WHAT THE EXERCISE ASKS
From the line that contains "4-44Monitor, climate, audio, phone" to the last line of the entries, set down each line exactly as written, both ends included, with nothing else.

Stored dataset items
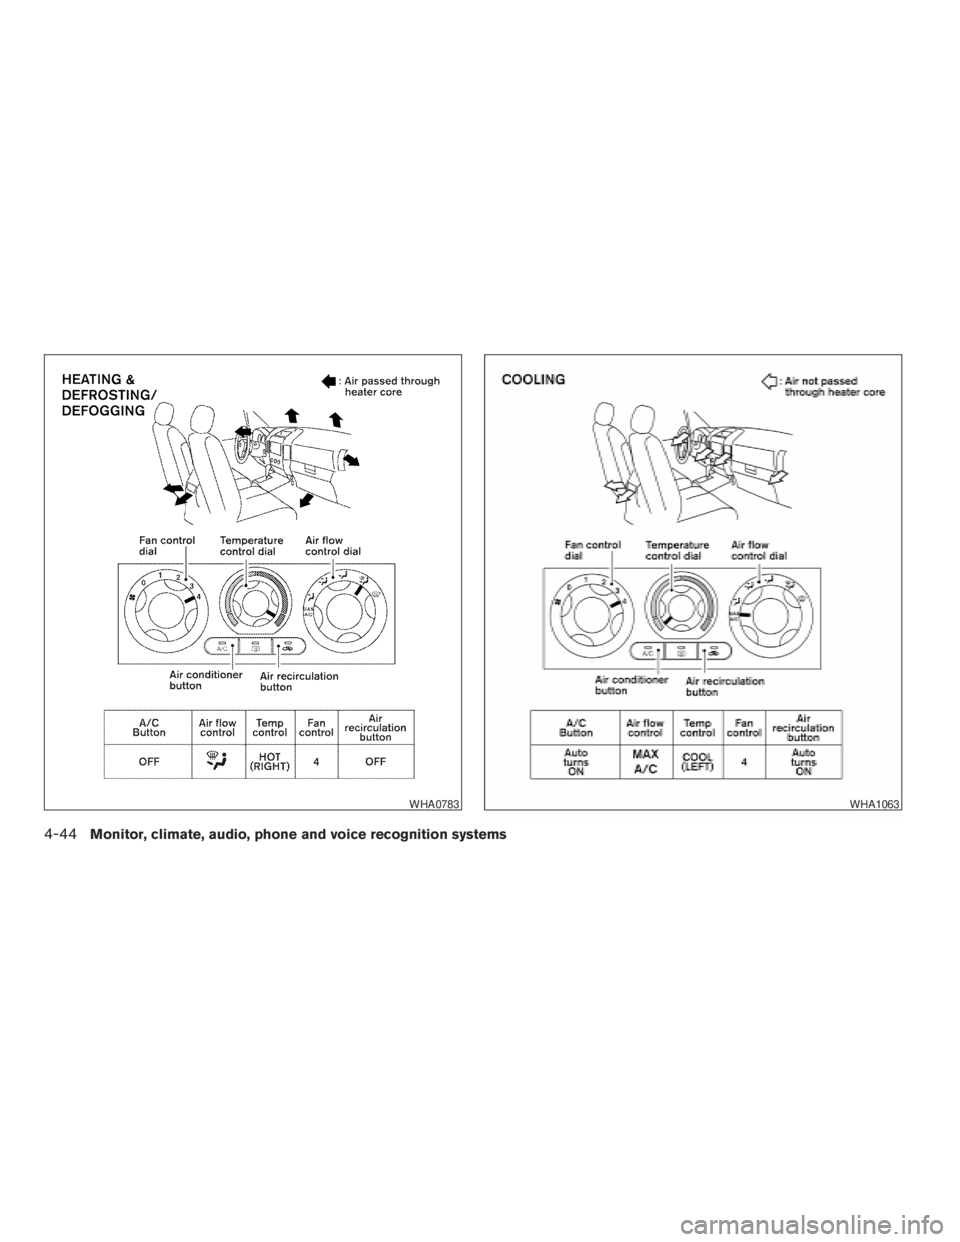 NISSAN PATHFINDER 2009  Owner´s Manual WHA0783WHA1063
4-44Monitor, climate, audio, phone and voice recognition systems
ZREVIEW COPYÐ2009 Pathfinder(pat)
Owners ManualÐUSA_English(nna)
05/29/08Ðdebbie
X

OUTPUT OF THE EXERCISE
4-44Monitor, climate, audio, phone and voice recognition systems
ZREVIEW COPYÐ2009 Pathfinder(pat)
Owners ManualÐUSA_English(nna)
05/29/08Ðdebbie
X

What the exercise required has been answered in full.